Input data
──────

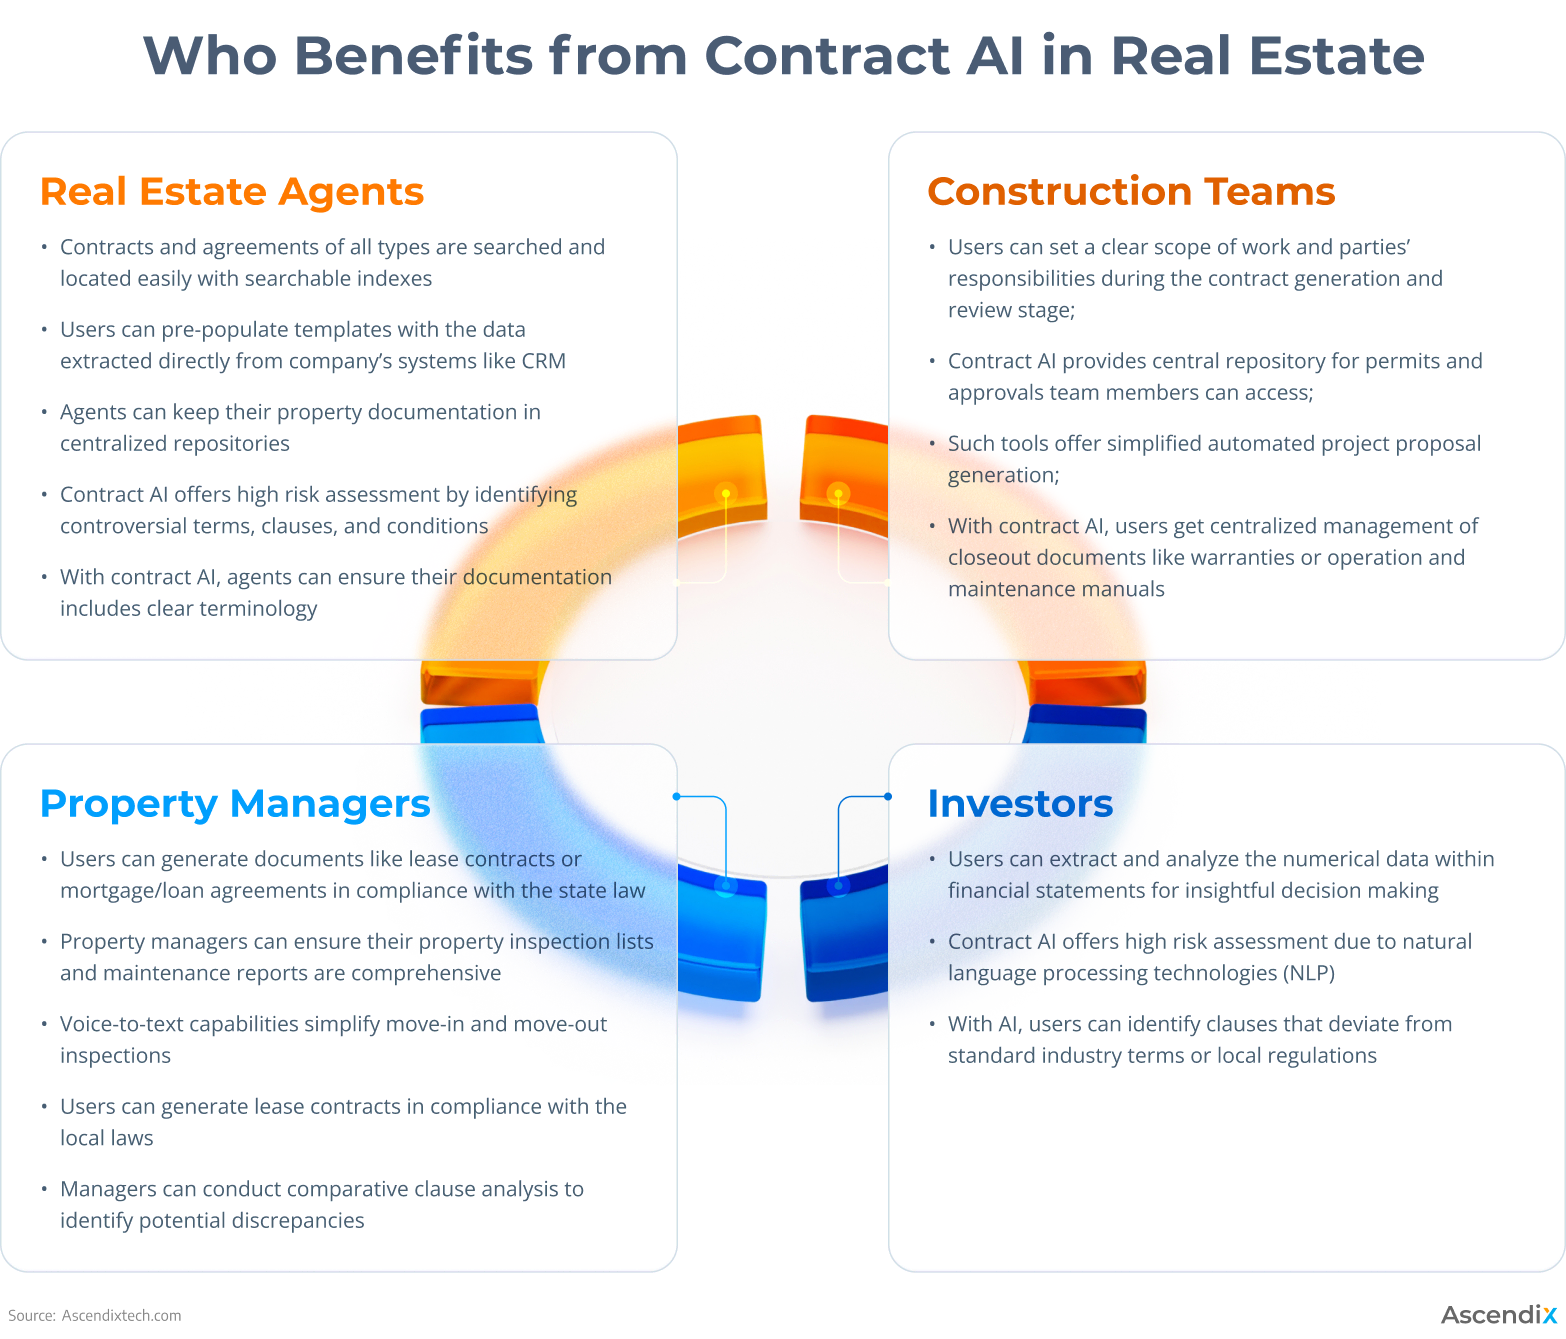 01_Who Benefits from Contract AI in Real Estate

──────

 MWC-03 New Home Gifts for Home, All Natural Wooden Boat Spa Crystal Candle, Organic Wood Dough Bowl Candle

──────

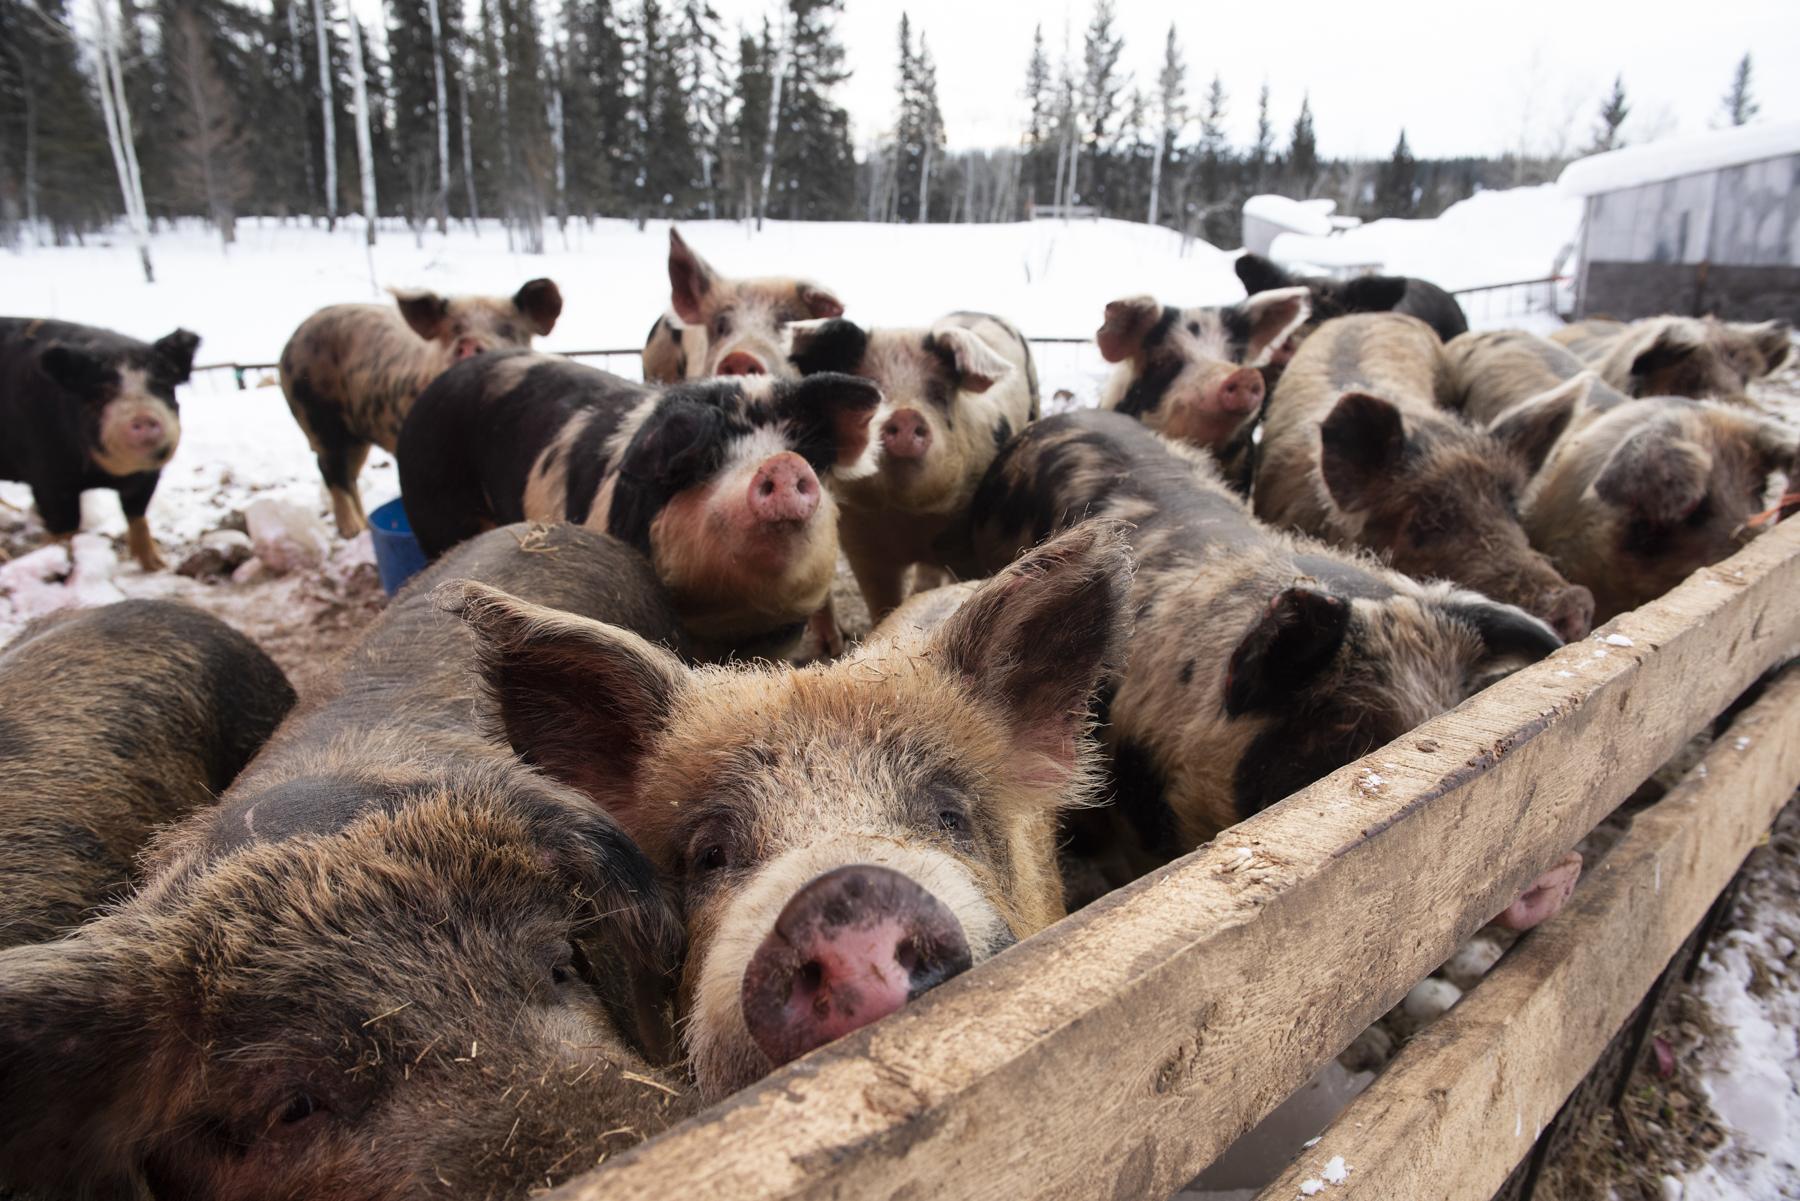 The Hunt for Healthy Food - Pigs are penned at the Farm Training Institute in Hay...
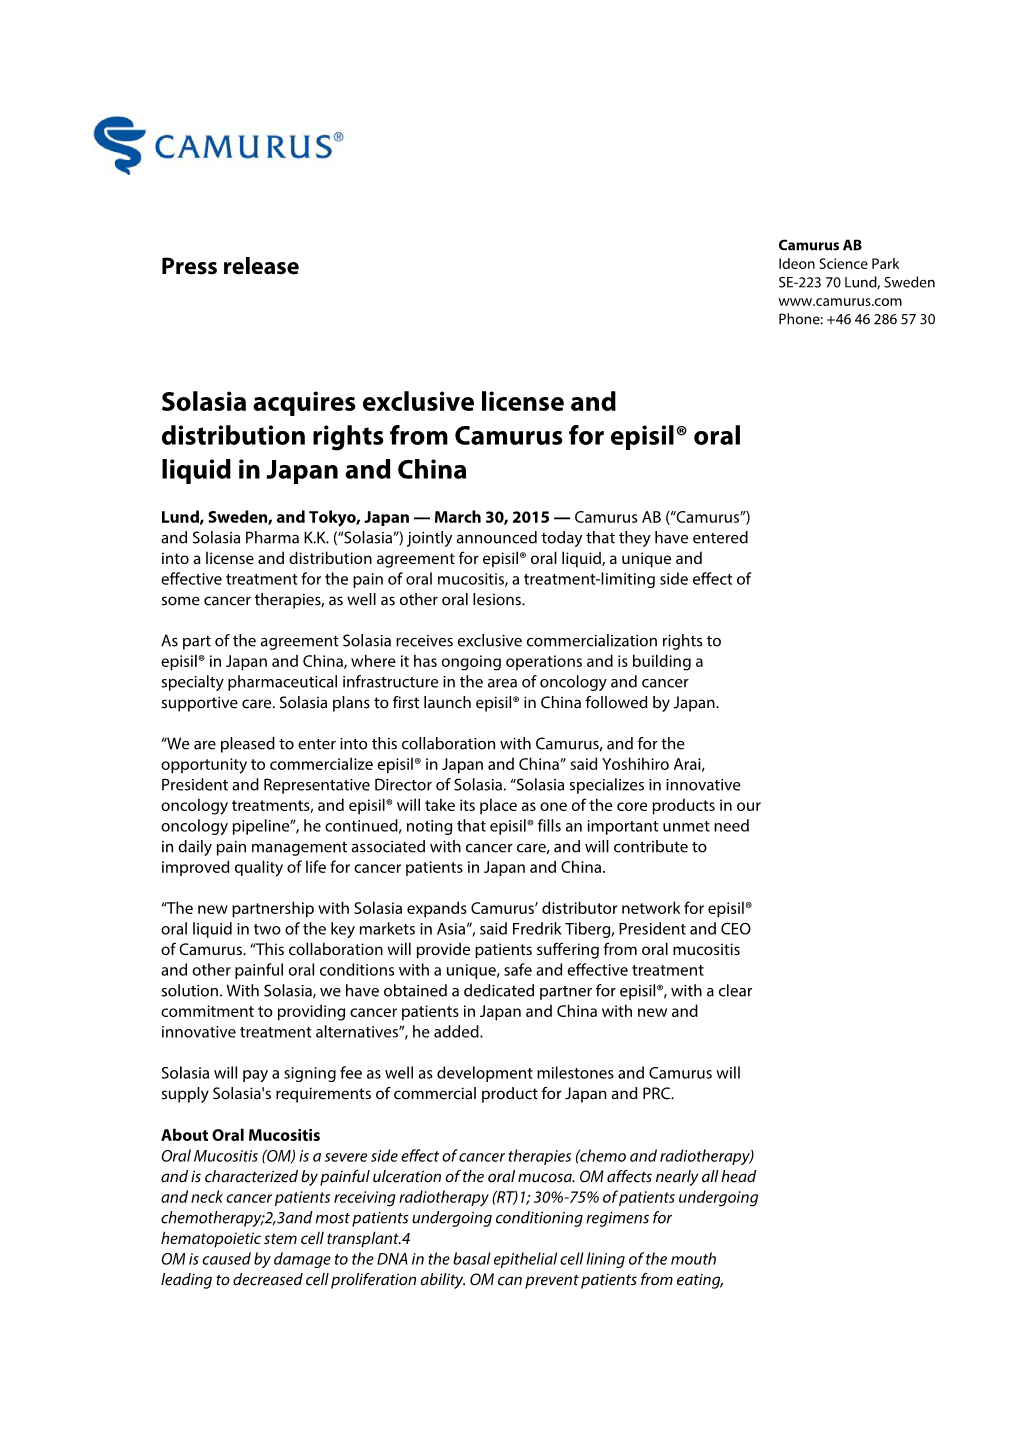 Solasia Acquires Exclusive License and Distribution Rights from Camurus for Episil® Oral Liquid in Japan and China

──────

Task item
Find where the line with "The Hunt for" sits in the material above and where the line with "Solasia Acquires Exclusive" sits. Set down exactly the lines from the first to the second, both included and nothing else, without pictures.

Task solution
 The Hunt for Healthy Food - Pigs are penned at the Farm Training Institute in Hay...
 Solasia Acquires Exclusive License and Distribution Rights from Camurus for Episil® Oral Liquid in Japan and China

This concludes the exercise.